Der Handlungsdruck für einen anderen urbanen Verkehr wird immer größer. „Trotz Dieselskandal und drohender Fahrverbote hat es die Bundesregierung in den letzten Jahren versäumt, durch deutliche Innovationsanreize saubere Mobilität für unsere Städte voranzutreiben“, schreiben die Grünen in ihrem Antrag. Konkret fordern sie darin, fünf „groß angelegte Experimentierräume“ in Städten oder Regionen einzurichten. Sie sollen mit jeweils bis zu 75 Millionen Euro aus dem Bundesetat gefördert werden, „um dort ganzheitliche und substanzielle Veränderungen im Sinne einer umwelt- und klimagerechten Verkehrswende zu ermöglichen“.

Konkret fordern die Grünen, fünf „groß angelegte Experimentierräume“ in Städten oder Regionen einzurichten

„Die dringend benötigte Verkehrswende fällt nicht vom Himmel“, sagt auch Weert Canzler. Der Politikwissenschaftler arbeitet am Wissenschaftszentrum Berlin für Sozialforschung (WZB) mit dem Schwerpunkt Energie- und Verkehrswende. Von ihm ist im Frühjahr das Buch „Taumelnde Giganten: Gelingt der Autoindustrie die Neuerfindung?“ erschienen.

„Es müssen die Rahmenbedingungen stimmen und für verändertes Verkehrsverhalten tatsächliche Vorteile eingeräumt werden“, hebt der Mobilitätsexperte gegenüber der taz hervor. Dazu gehörten beispielsweise eine Bevorzugung von gemeinschaftlich genutzten Elektro-Fahrzeugen im öffentlichen Raum und sichere Fahrradwege.

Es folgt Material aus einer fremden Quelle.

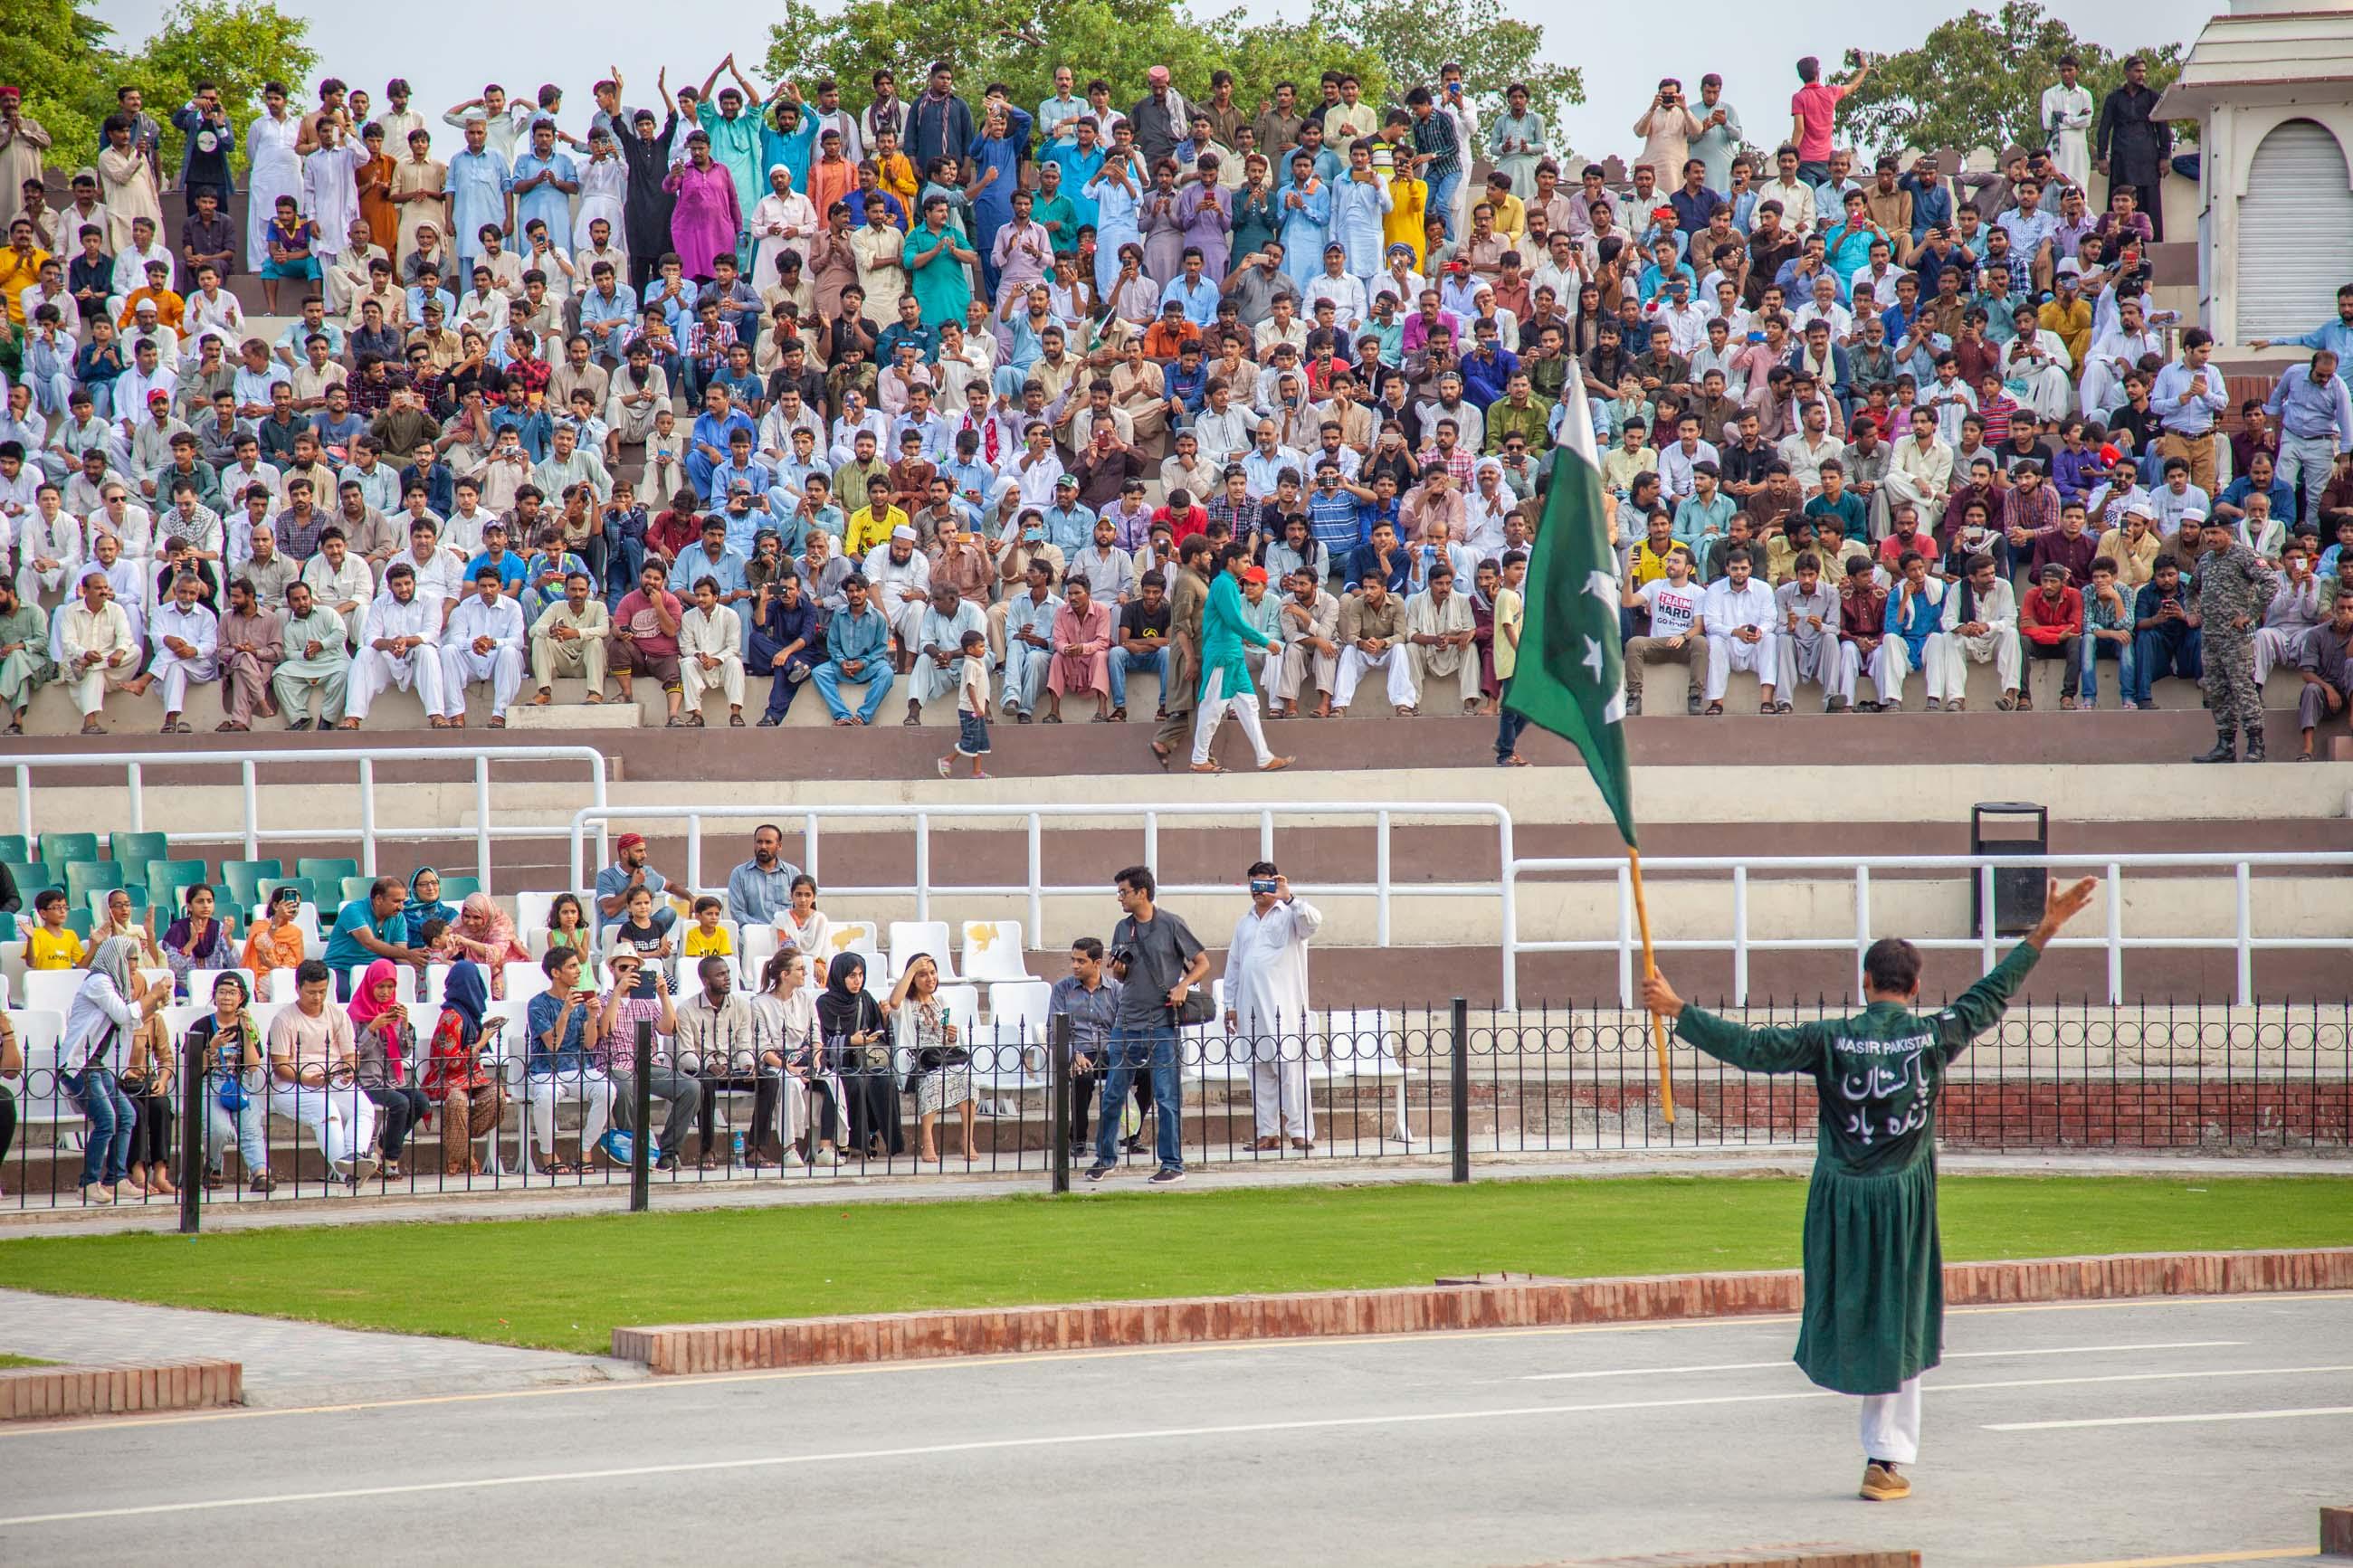 https://bubo.sk/uploads/galleries/4920/samuelklc_pakistan_peshawar_lahore_img_0186.jpg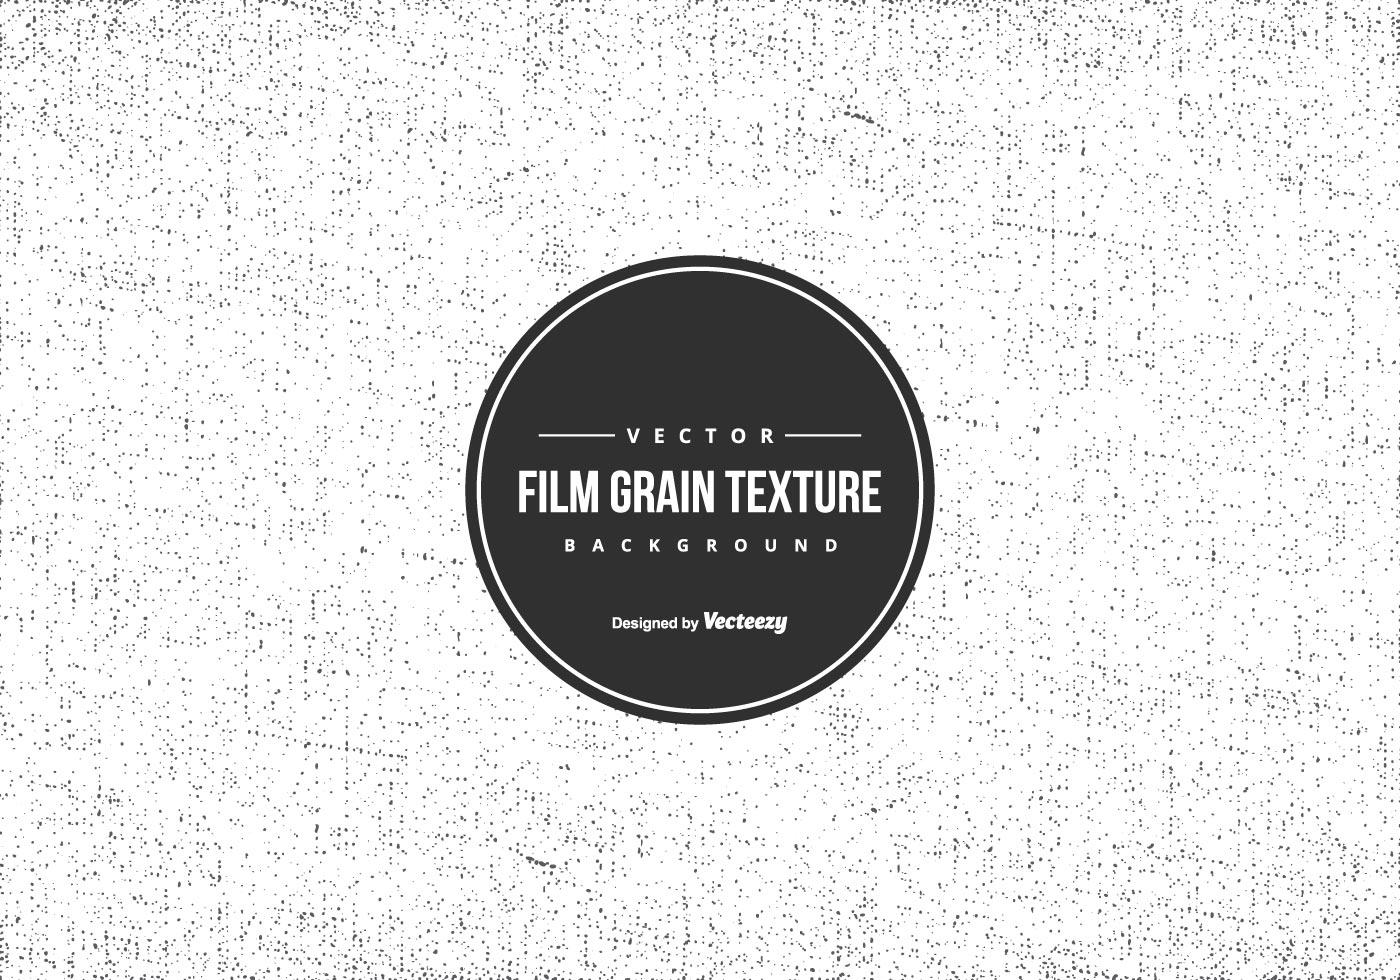 Film Grain Texture Free Vector Art

„Man wird die notwendigen Änderungen der Rahmenbedingungen nicht sofort und umfassend erreichen“, meint Weert Canzler. Der Anfang könne durchaus in sogenannten „Realexperimenten“ gemacht werden. „Dort kann gezeigt werden, was ‚geht‘, wenn man denn ‚dürfte‘.“ So könnten nach Einschätzung des WZB-Forschers „aus Experimentierräumen konkrete Utopien für den Verkehr von morgen entstehen“.